Given the material below, output exactly the lines from the line with "Laporan Keuangan Pemasukan Dan Pengeluaran" to the line with "[Download] Free Business", both ends included, and no other lines.

--- Material supplied ---
--- START ---
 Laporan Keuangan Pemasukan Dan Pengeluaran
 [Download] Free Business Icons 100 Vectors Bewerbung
--- END ---
--- START ---
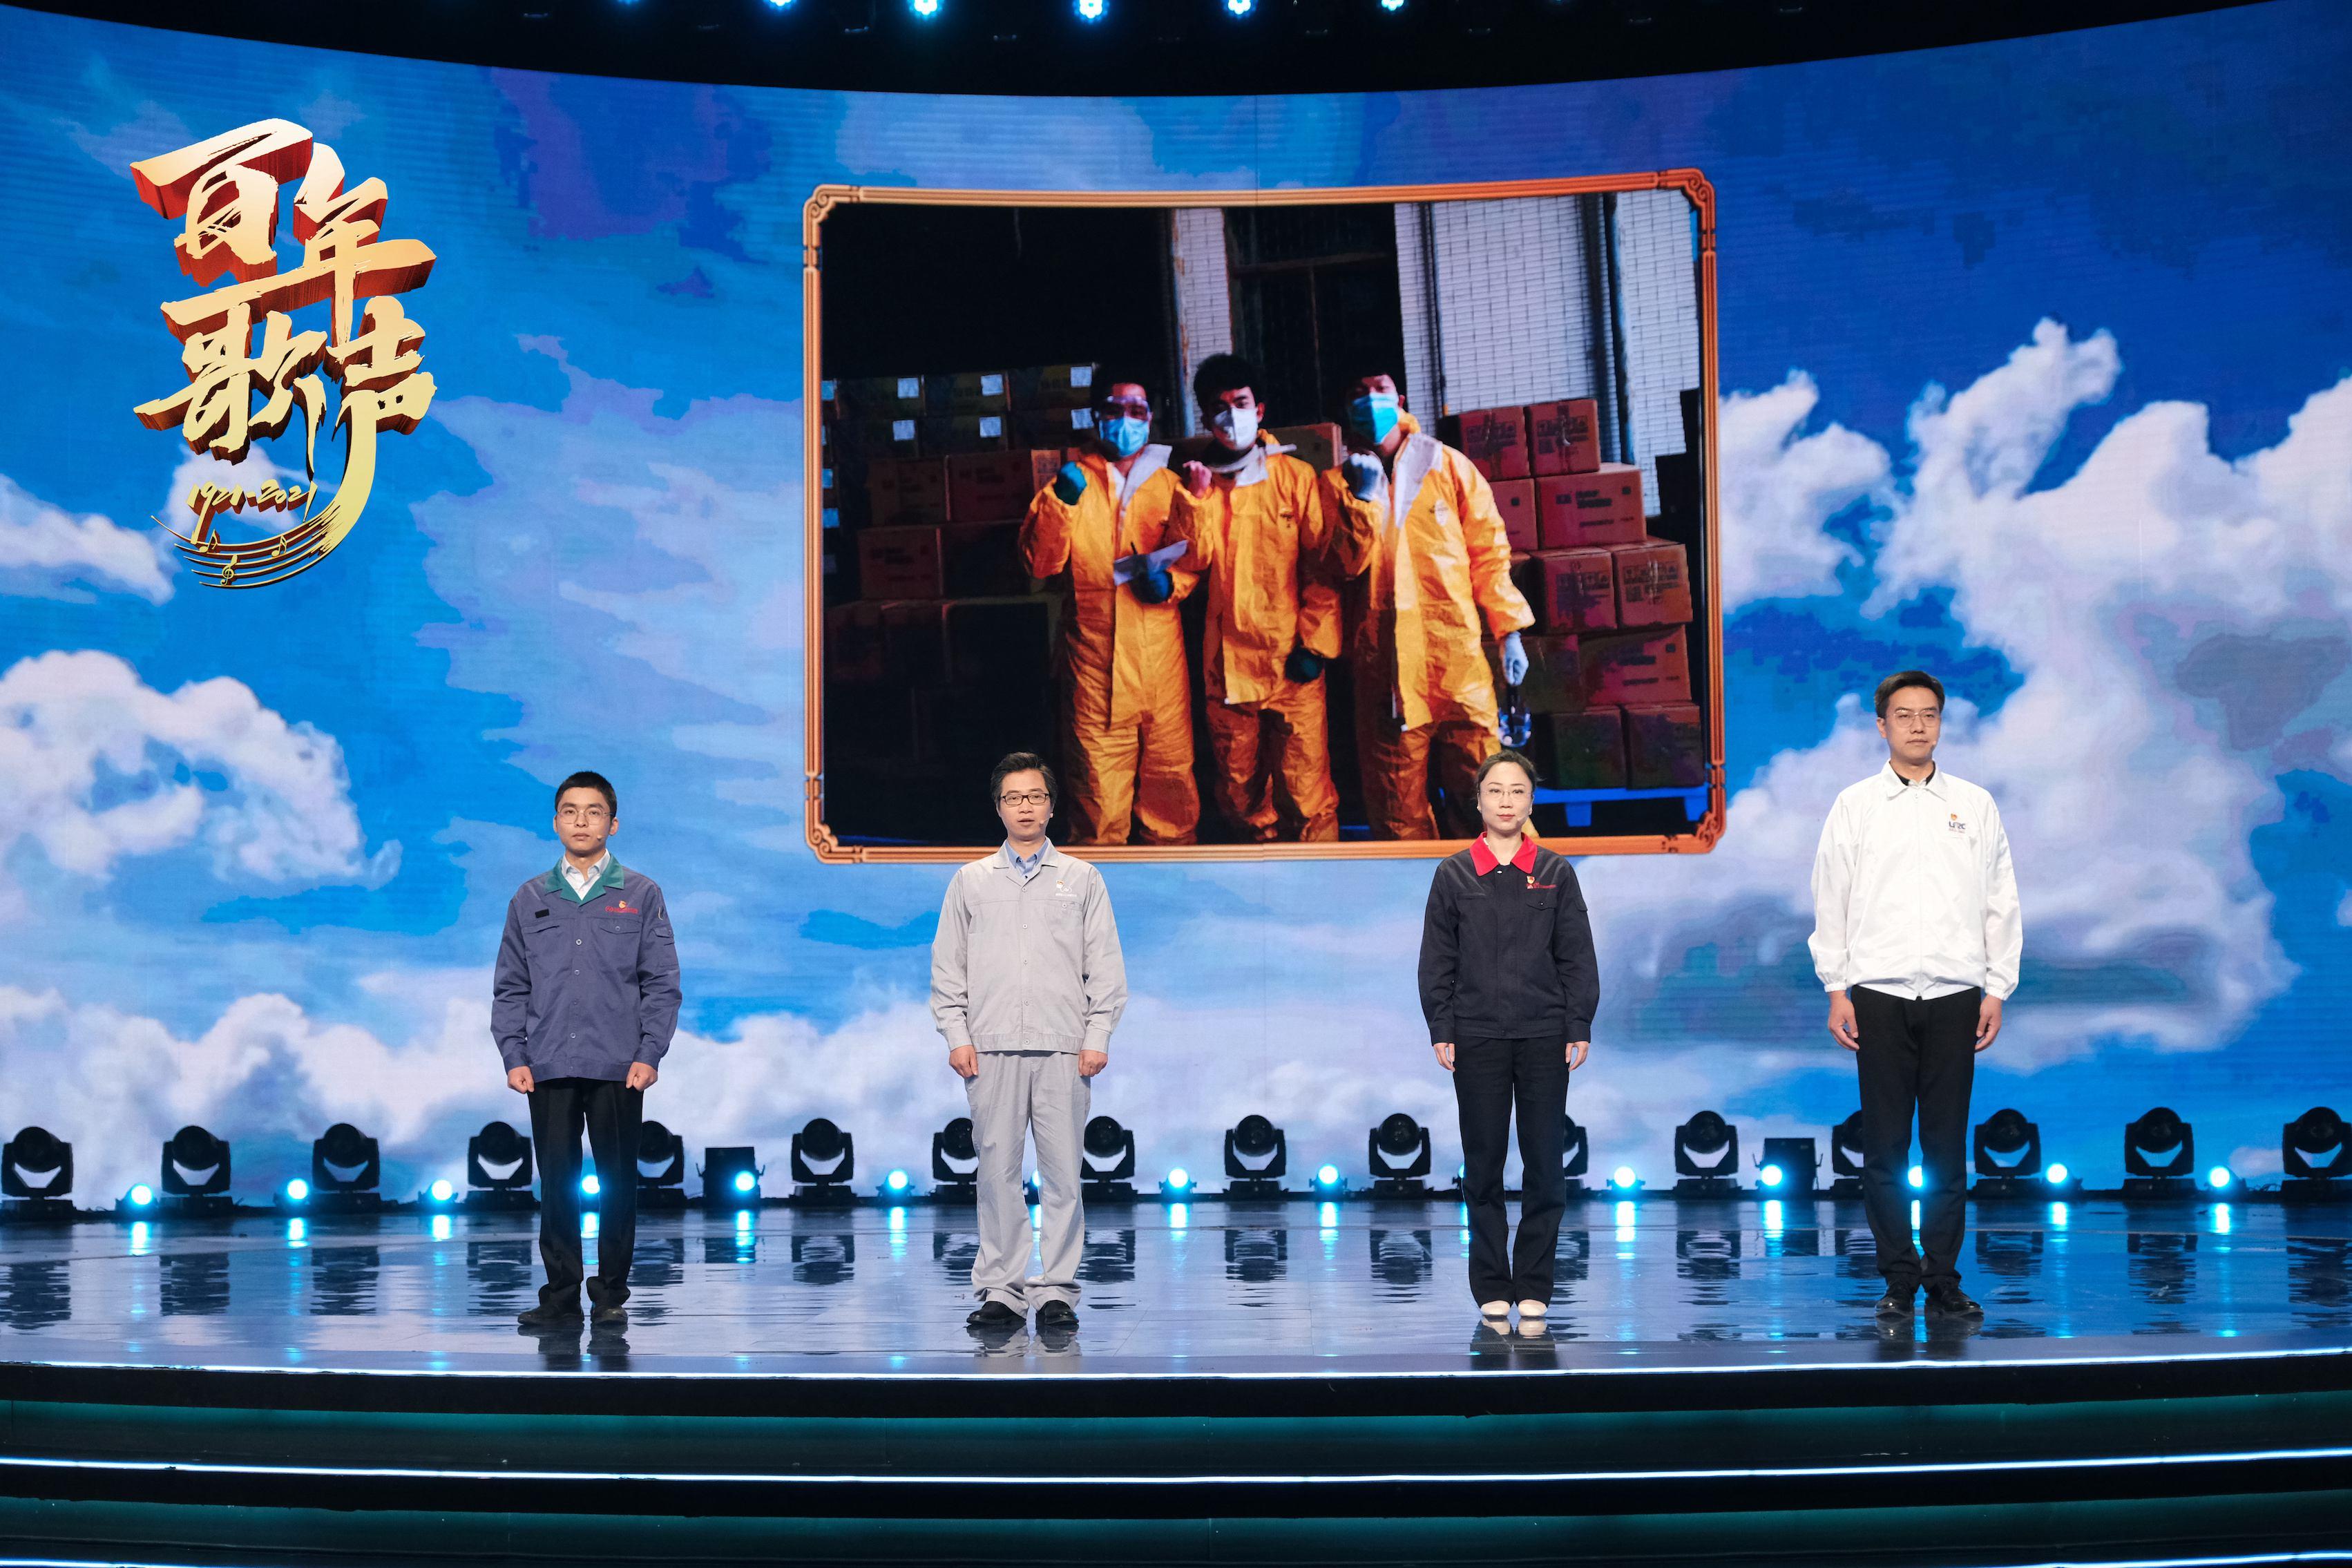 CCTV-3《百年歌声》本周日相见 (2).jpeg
--- END ---
--- START ---
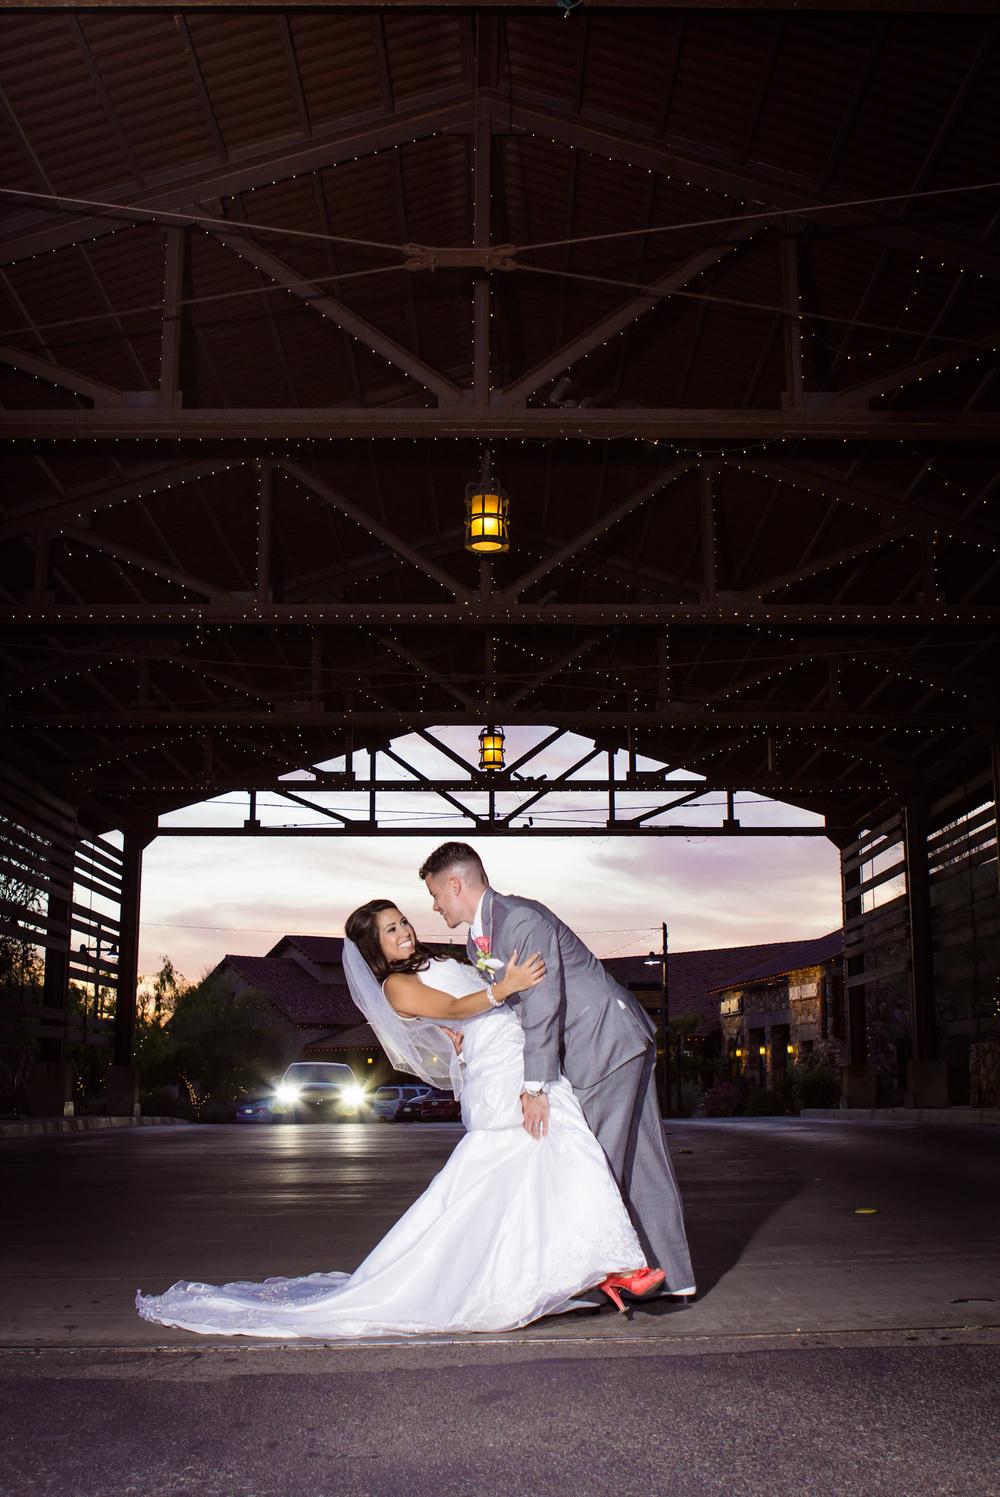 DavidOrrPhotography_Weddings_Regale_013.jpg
--- END ---
--- Written solution ---
 Laporan Keuangan Pemasukan Dan Pengeluaran
 [Download] Free Business Icons 100 Vectors Bewerbung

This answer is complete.